The calendar-interpreter module in your brain is necessary for the physical object to be a calendar.  The physical object is not in itself your calendar.  The calendar in this sense does not exist in the physical world.  It is abstract.  Since we think of it as a thing, it is an abstract object.

The abstract object "my calendar" affects the physical world (it causes you to go to the dentist next Tuesday).  The relation of the abstract object to the physical world is mediated by whatever physical object you call your calendar along with the modules in the brain that relate to it.  The modules in the brain are actions by physical objects, so this point of view does not involve Cartesian style dualism.

Note:  A module is a meme.  Are all memes modules?  This needs to be investigated.  Whatever they are, they exist as physical objects in people's brains.

Mathematical objects

A rigorous proof of a theorem about a mathematical object tends to refer to the object as if it were absolutely static and did not affect anything in the physical world.  I talked about this in [10], where I called it the dry bones representation of a mathematical object.  Mathematical objects don't have to be thought of this way, but (I suggest) what makes them mathematical objects is that they can be thought of in dry bones mode.  
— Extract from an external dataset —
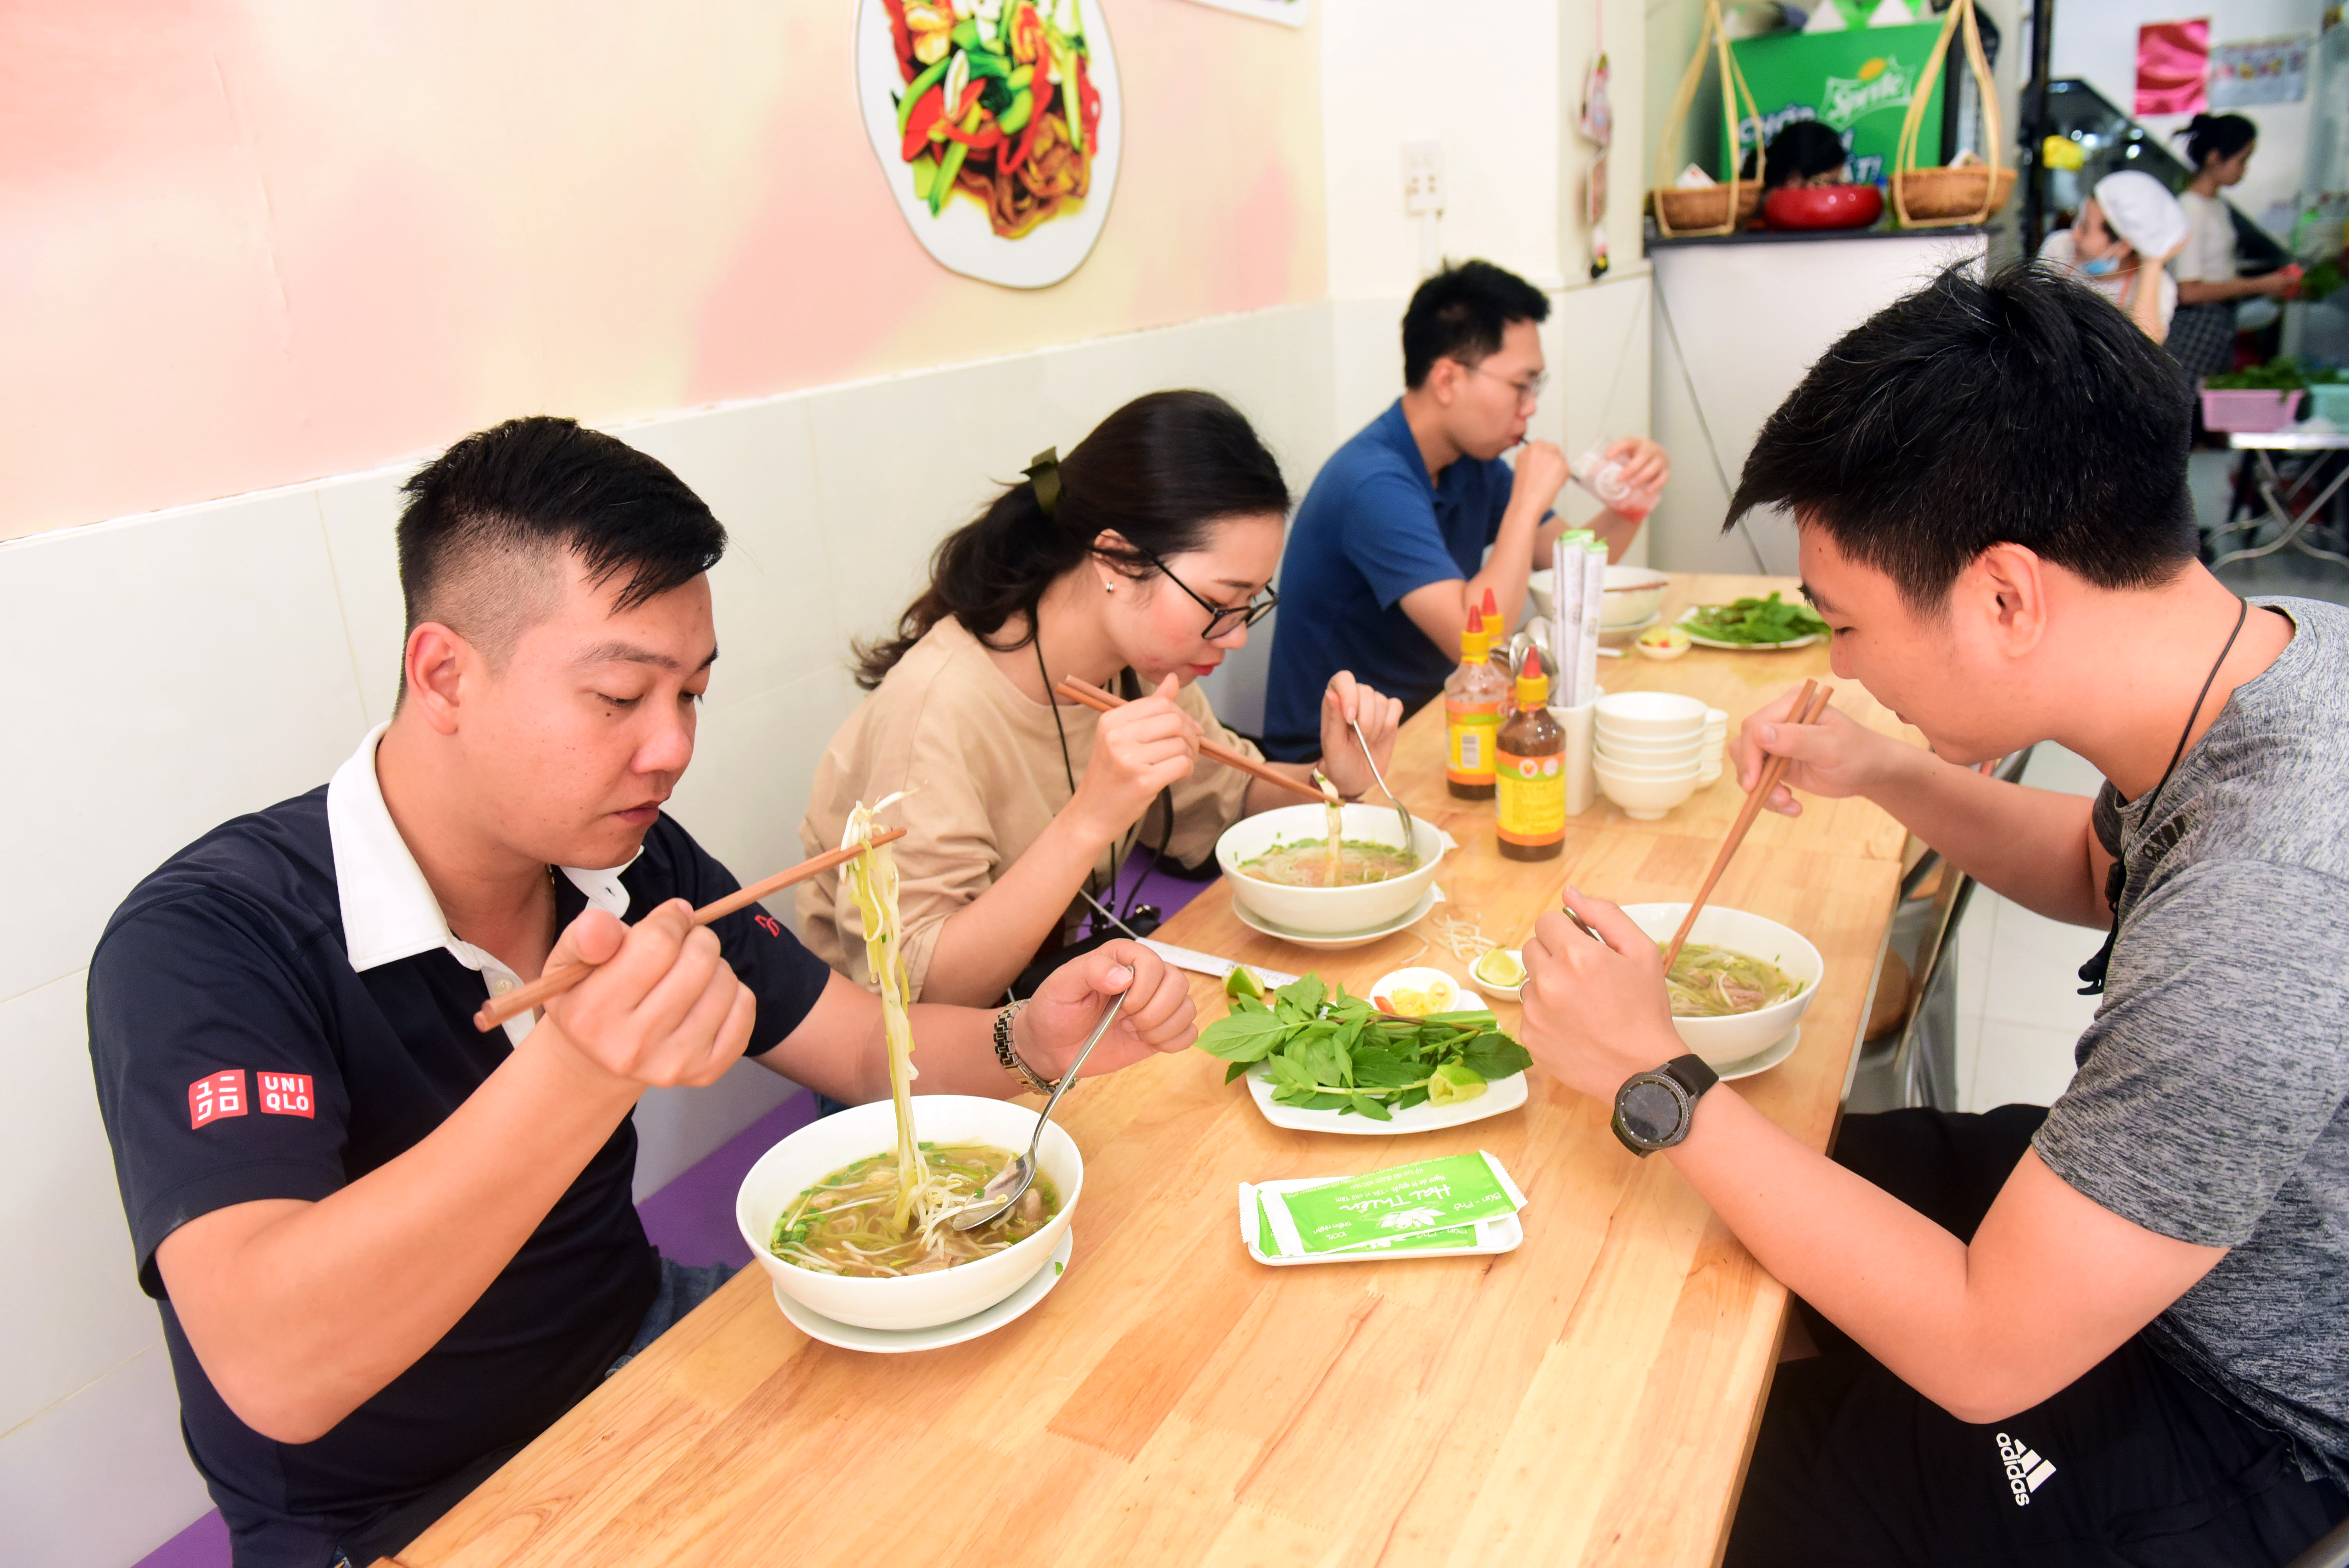 Dinners enjoy pho at Hai Thien restaurant in Ho Chi Minh City’s District 1. Photo: Duyen Phan/ Tuoi Tre

If you use calculus to figure out how much fuel to use in a rocket to make it go a mile high, then actually use that amount in the rocket and send it off, your calculations have affected your physical actions, so you were thinking of the calculations as an abstract object.  But if you sit down to check your calculations, you concentrate on the steps one by one with the rules of algebra and calculus in mind.  You are looking at them as inert objects, like you would look at a bone of a dinosaur to see what species it belongs to. From that point of view your calculations form a mathematical object, because you are using the dry-bones approach.

Caveat

All this blather is about how you should think about mathematical objects.  It can be read as philosophy, but I have no intention of defending it as philosophy.  People learning abstract math at college level have a lot of trouble thinking about mathematical objects as objects, and my intention is to start clarifying some aspects of how you think about them in different circumstances.  (The operative word is "start" — there is a lot more to be said.)

About the exposition of this post (a commercial)

You will notice that I gave examples of abstract objects but did not define the word "abstract object".  I did the same with mathematical objects.  In both cases, I put the word "abstract object" or "mathematical object" in boldface at a suitable place in the exposition.

That is not the way it is done in math, where you usually make the definition of a word in a formal way, marking it as Definition, putting the word in bold or italics, and listing the attributes it must have.  I want to point out two things:

  • For the most part, that behavior is peculiar to mathematics.
  • This post is not a presentation of mathematical ideas.  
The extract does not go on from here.